# Moebius Mummy Completed



## rkoenn (Dec 18, 2007)

Well after a month or more I finally have completed the Moebius Mummy. It was a fairly easy kit to build but depending on the level of detail you want to go to paint it, it can be quite a work intensive kit. I have to say I went to quite a bit of detail and am pretty happy with the results. I used a number of different techniques and spent a lot of time on the finishing. Anyway, take a look and let me know what you think.


----------



## walsing (Aug 22, 2010)

Very nicely done!


----------



## the Dabbler (Feb 17, 2005)

Ah, museum quality my friend ! :thumbsup:


----------



## Lloyd Collins (Sep 25, 2004)

Beautiful! Just like the real ones.

One note, your Mummy looks kind of ....juicy.


----------



## PF Flyer (Jun 24, 2008)

Great paint job, Bob. Wonderful build, as usual.


----------



## crazypredator2 (Dec 1, 2009)

Very good job.


----------



## Xenodyssey (Aug 27, 2008)

Excellent detail.


----------



## Chinxy (May 23, 2003)

VERY VERY Good Bob, the fine detail is OUTSTANDING! I really like it.
Did you use any of the paint templates from Aztek Dummy? Your paint job is just picture perfect!

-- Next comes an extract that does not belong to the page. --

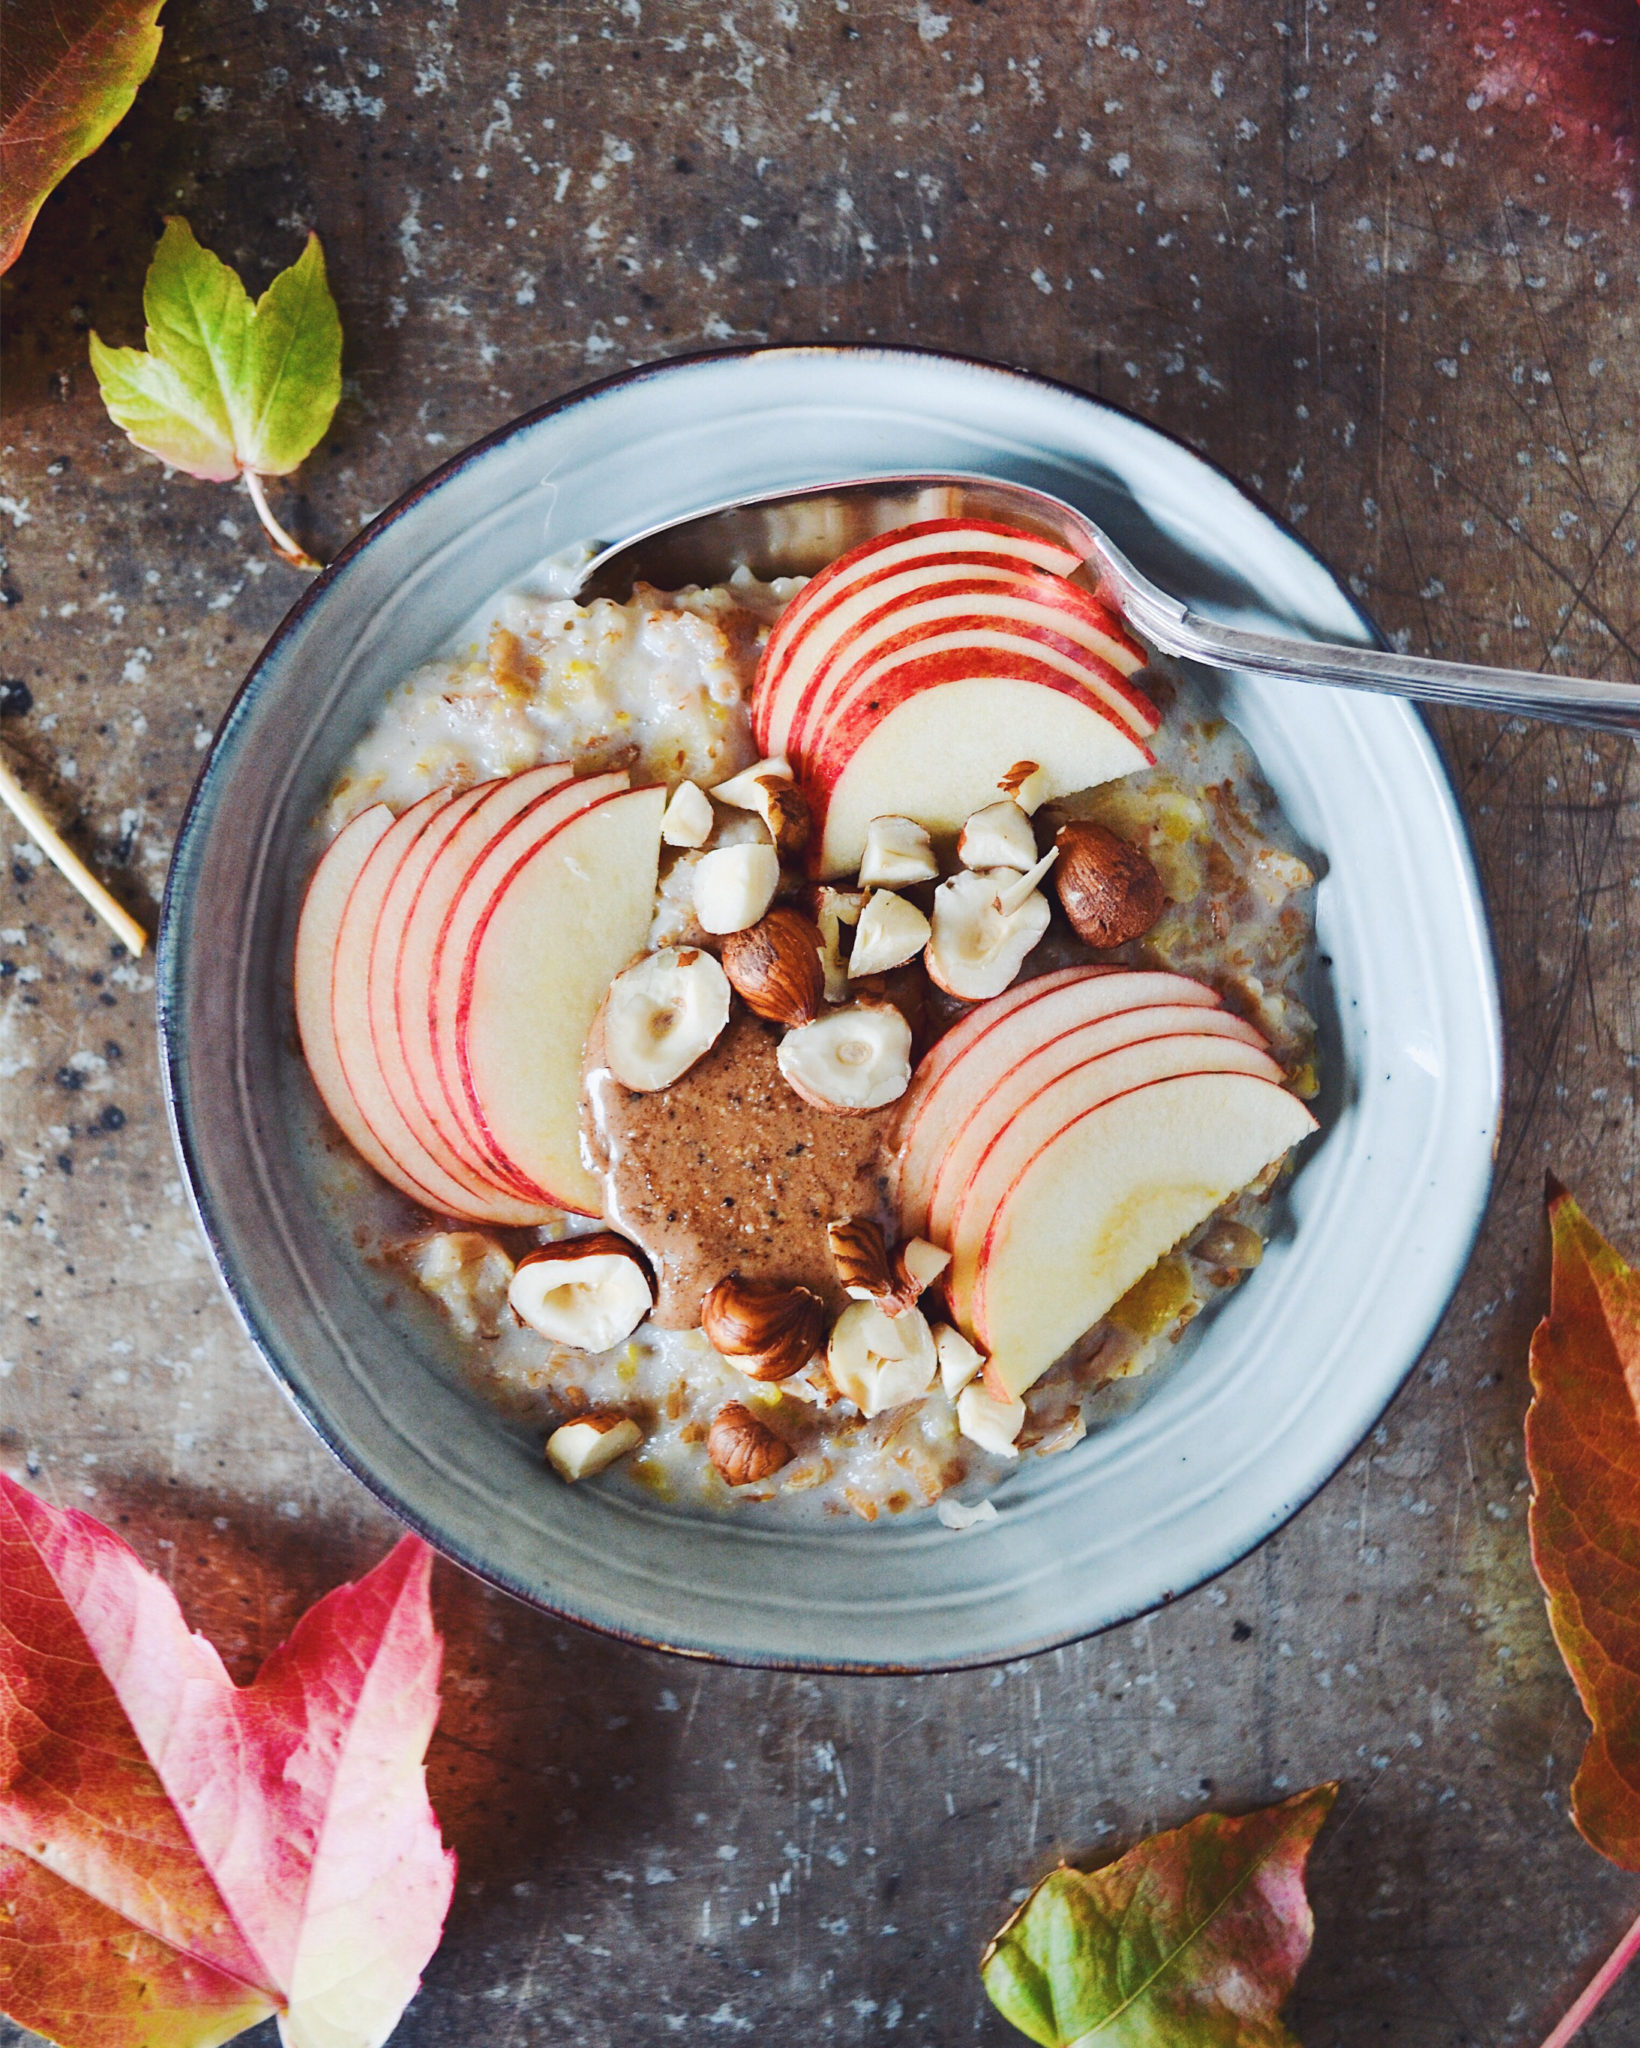 Mysligrød med æble og nougat nøddesmør efterårsgrød morgenmad

Now being that I just got this kit at my IPMS Christmas party are you going to give me some pointers on him? You know, what to do and not what to do. And what to watch out for. I still can't believe that I got this at the Christmas party. WAY TOO Cool!


----------



## Just Plain Al (Sep 7, 1999)

Beautiful, one of the best builds I've seen.


----------



## SJF (Dec 3, 1999)

The detailed paint job you did on this is very nicely done! Great job. 

Sean


----------



## Chinxy (May 23, 2003)

Bob, just showed my wife Sandy and she said it was very impressive. She was very impressed. So big kudos to you.


----------



## Dr. Brad (Oct 5, 1999)

Yes, that is very impressive. Wow! Very nice!


----------



## mcdougall (Oct 28, 2007)

Very cool Bob :thumbsup:
Mcdee


----------



## Cro-Magnon Man (Jun 11, 2001)

Great colours, especially his wrappings


----------



## dklange (Apr 25, 2009)

Beautiful work, Bob!! Great color and nice work on the details!! - Denis


----------



## rkoenn (Dec 18, 2007)

Thanks for the compliments everyone, they are appreciated.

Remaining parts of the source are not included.